THE DATA
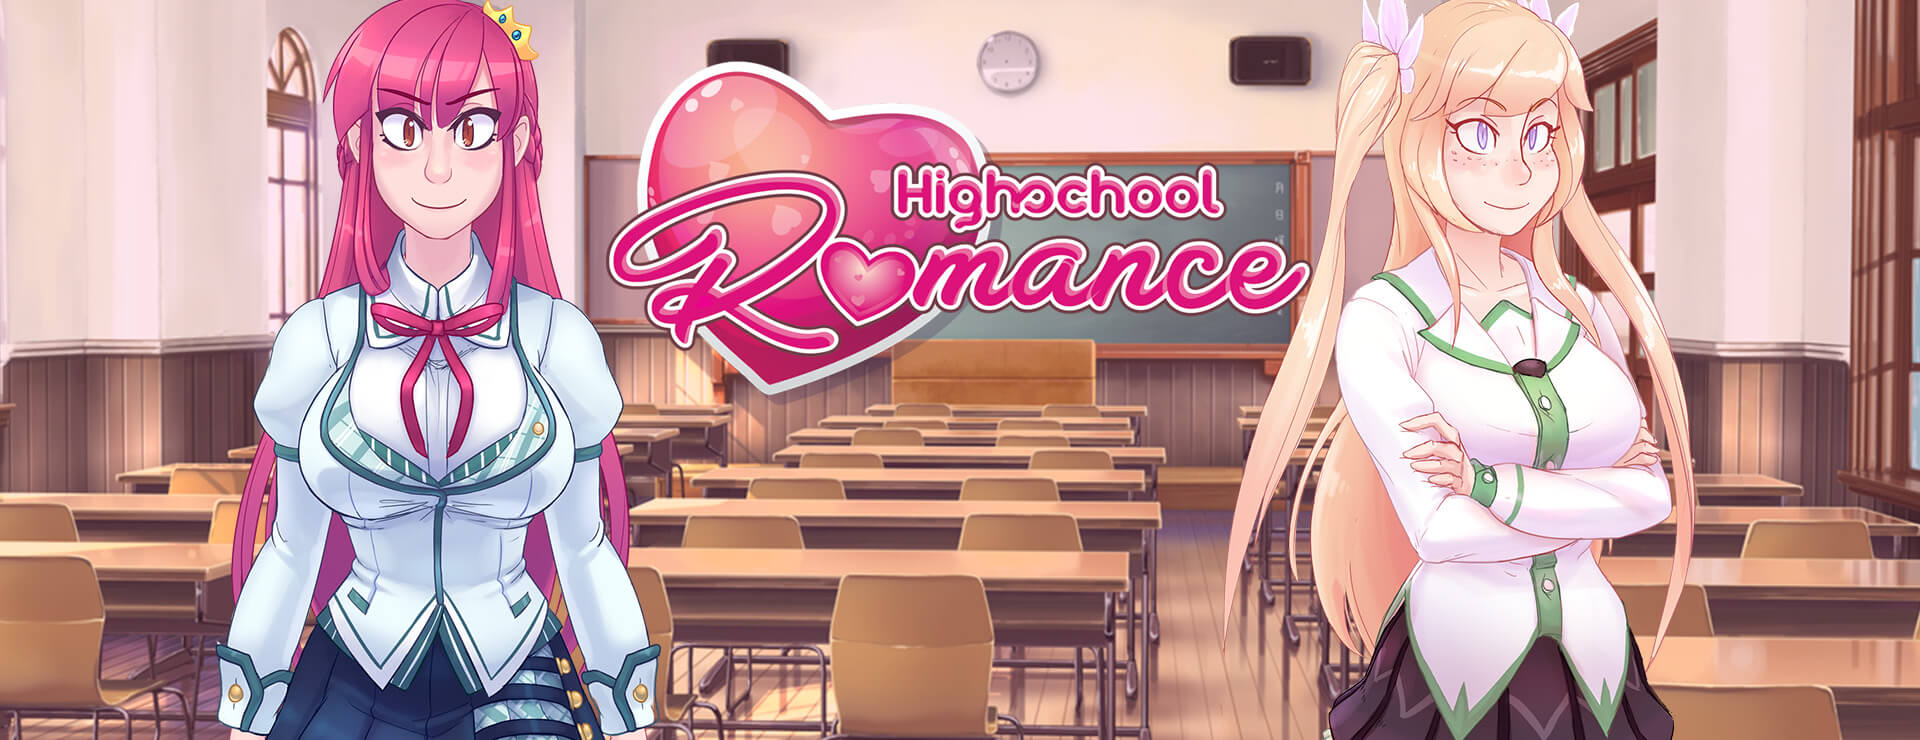 Highschool Romance - Powieść wizualna Gra
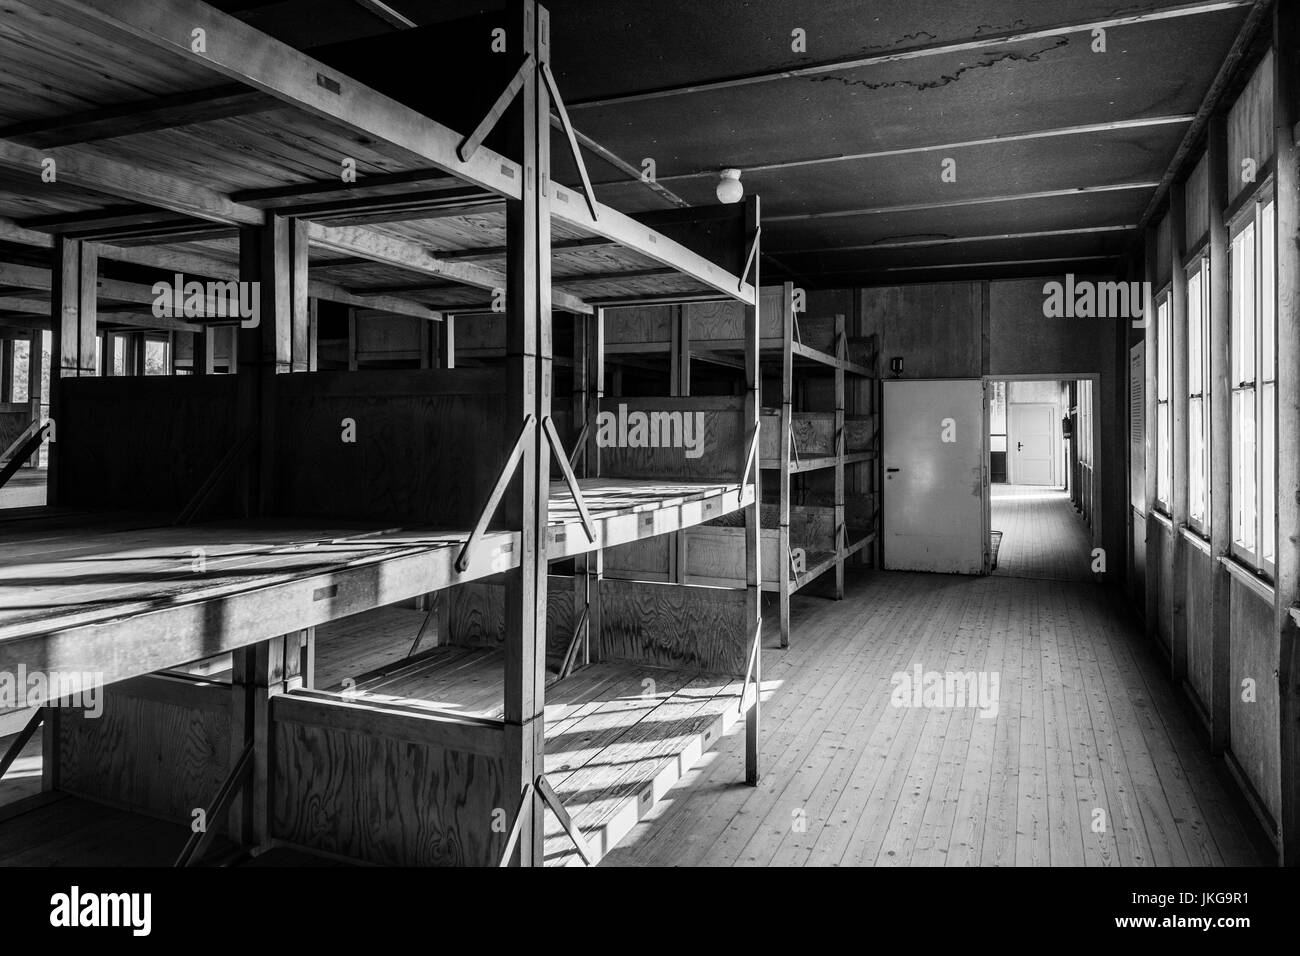 Germany, Bavaria, Munich - Dachau, WW-2 ère camp de concentration nazi, à la caserne, de l'intérieur du bâtiment Banque D'Images
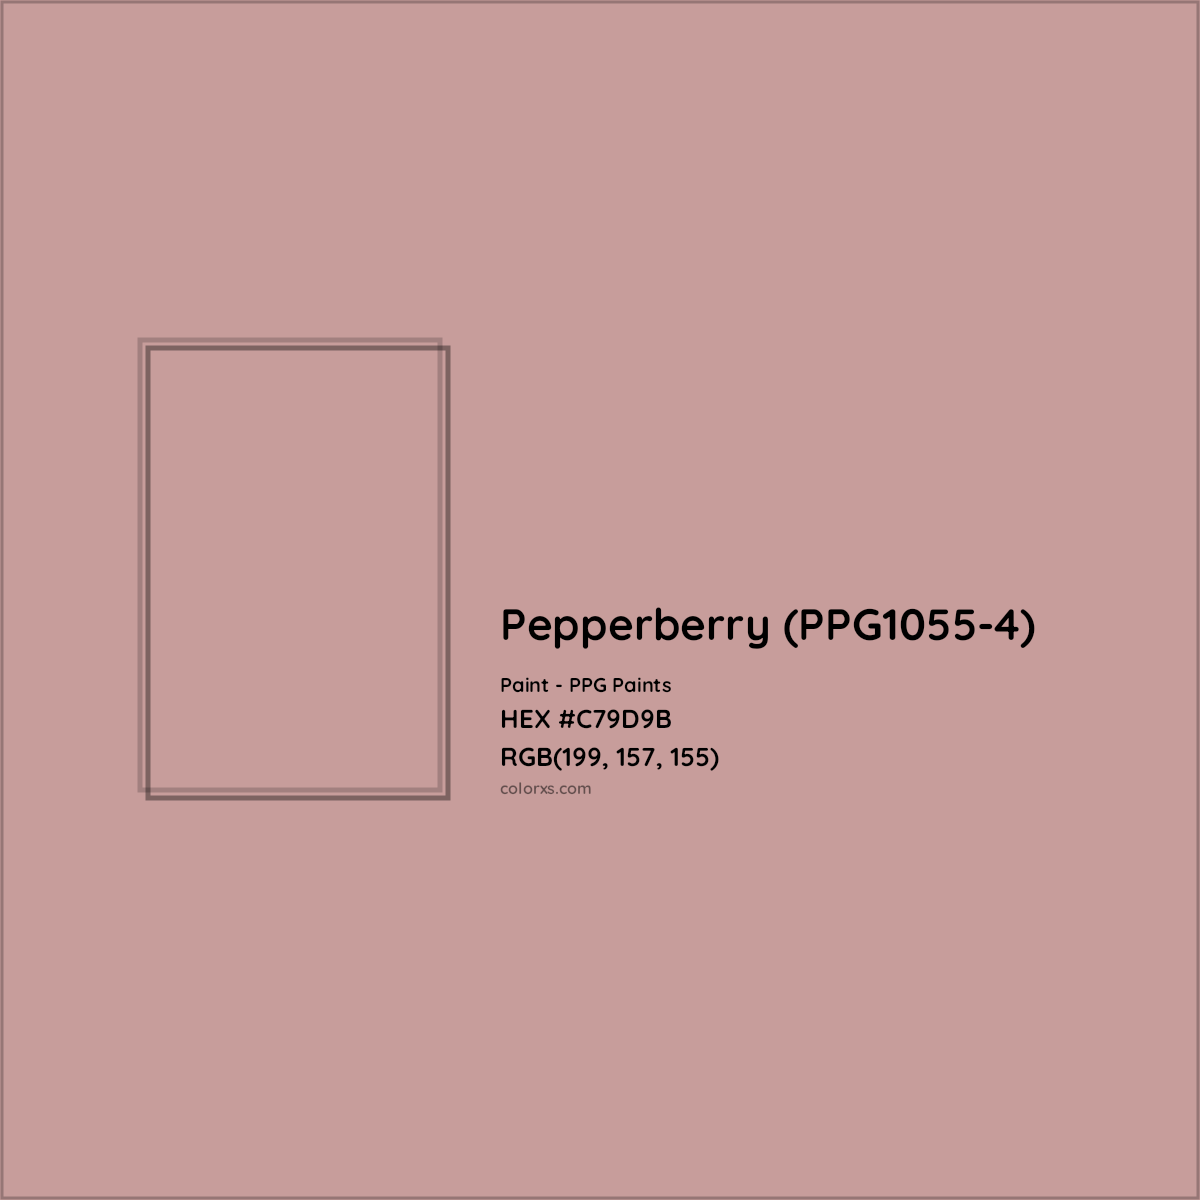 HEX #C79D9B Pepperberry (PPG1055-4) Paint PPG Paints - Color Code
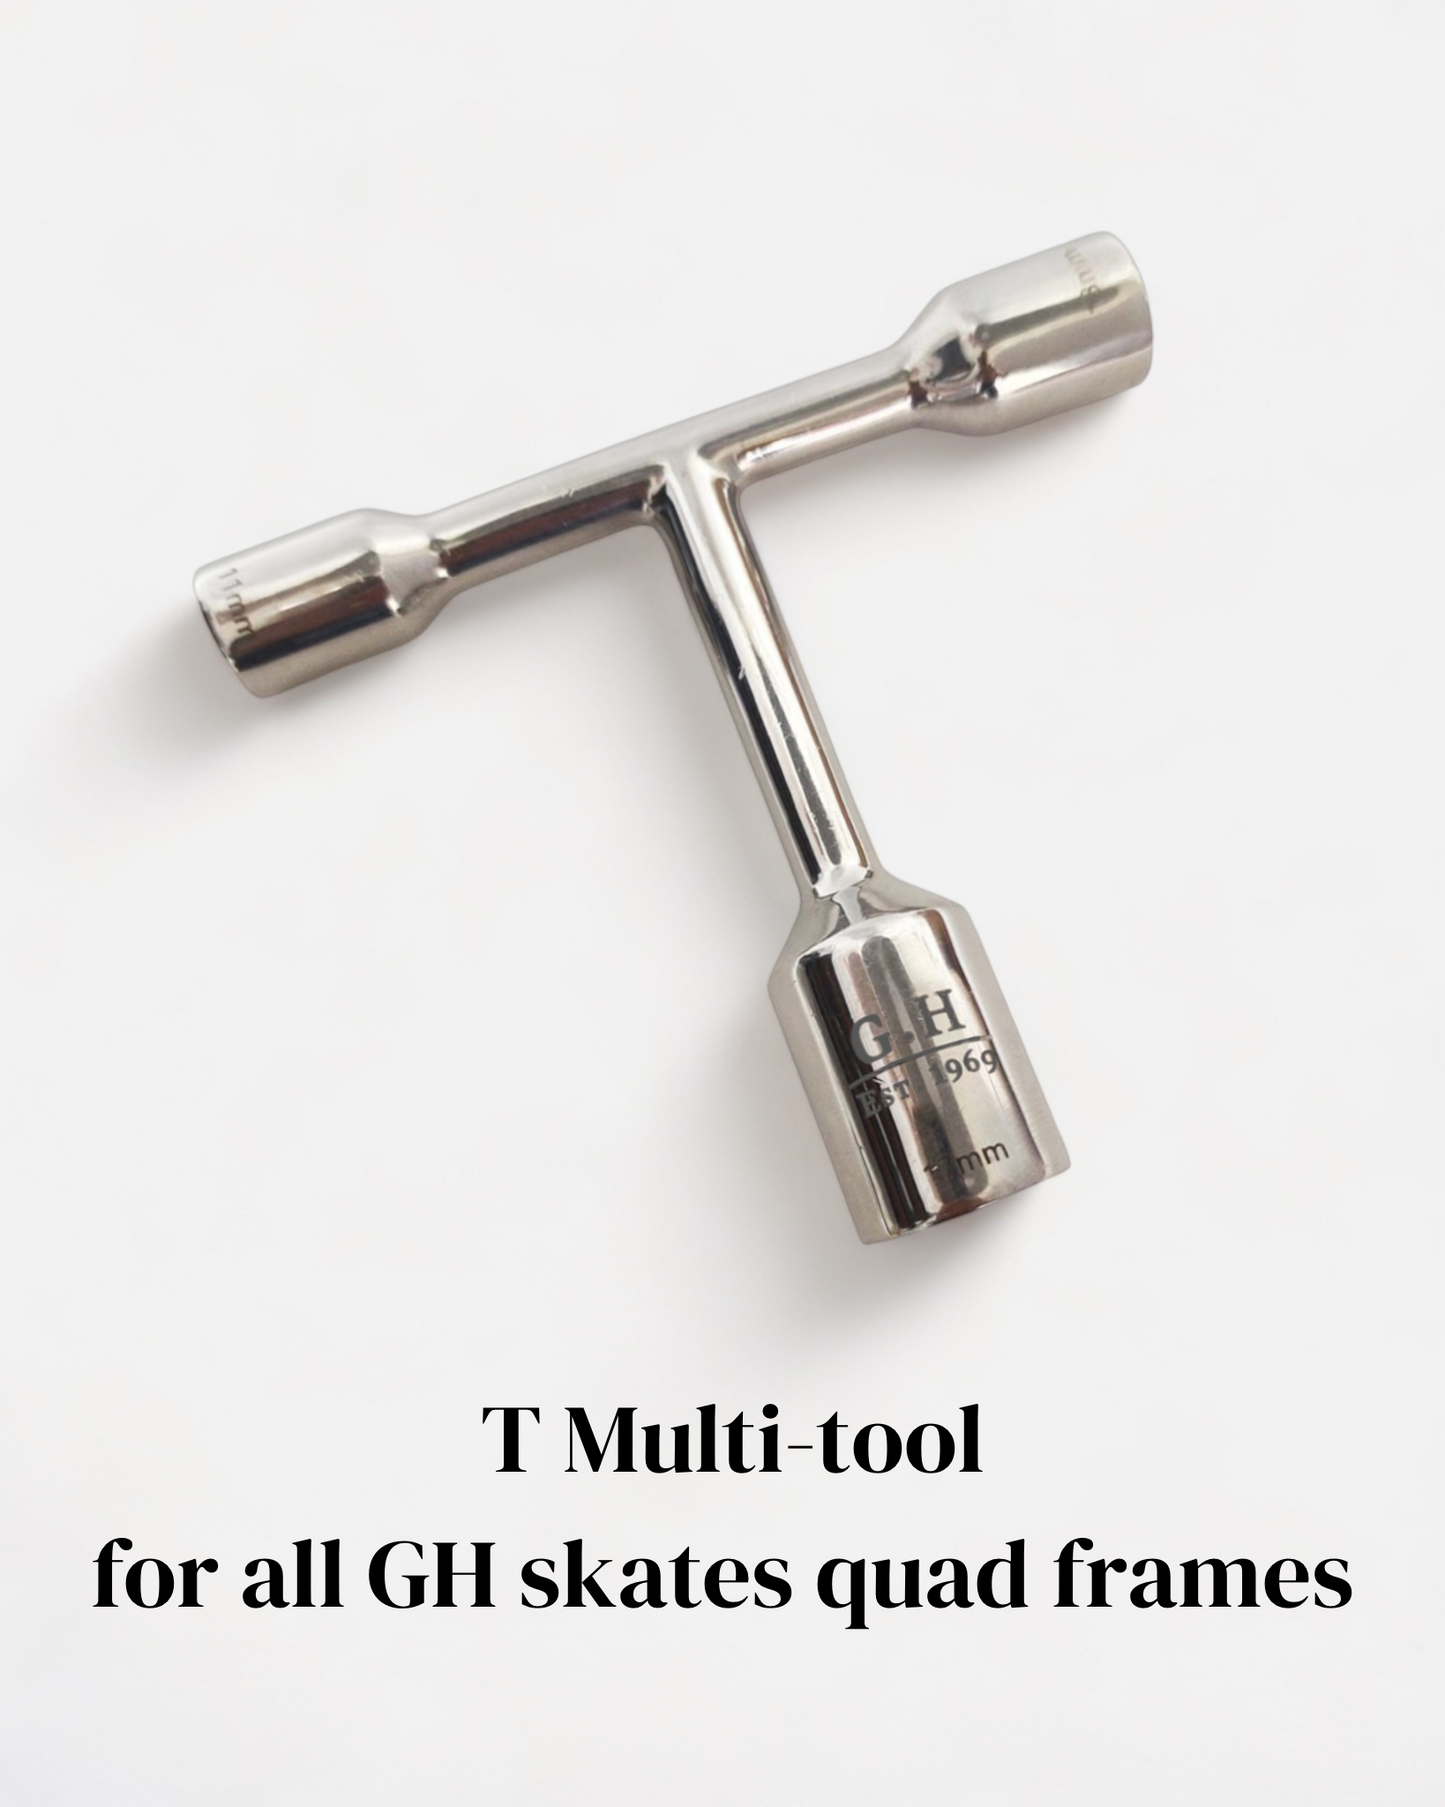 Tools for GH skate frames

YOUR INSTRUCTIONS
Take the preceding listing and transcribe it exactly, skipping the pictures.

RESPONSE TO THIS TASK
 Highschool Romance - Powieść wizualna Gra
 Germany, Bavaria, Munich - Dachau, WW-2 ère camp de concentration nazi, à la caserne, de l'intérieur du bâtiment Banque D'Images
 HEX #C79D9B Pepperberry (PPG1055-4) Paint PPG Paints - Color Code
 Tools for GH skate frames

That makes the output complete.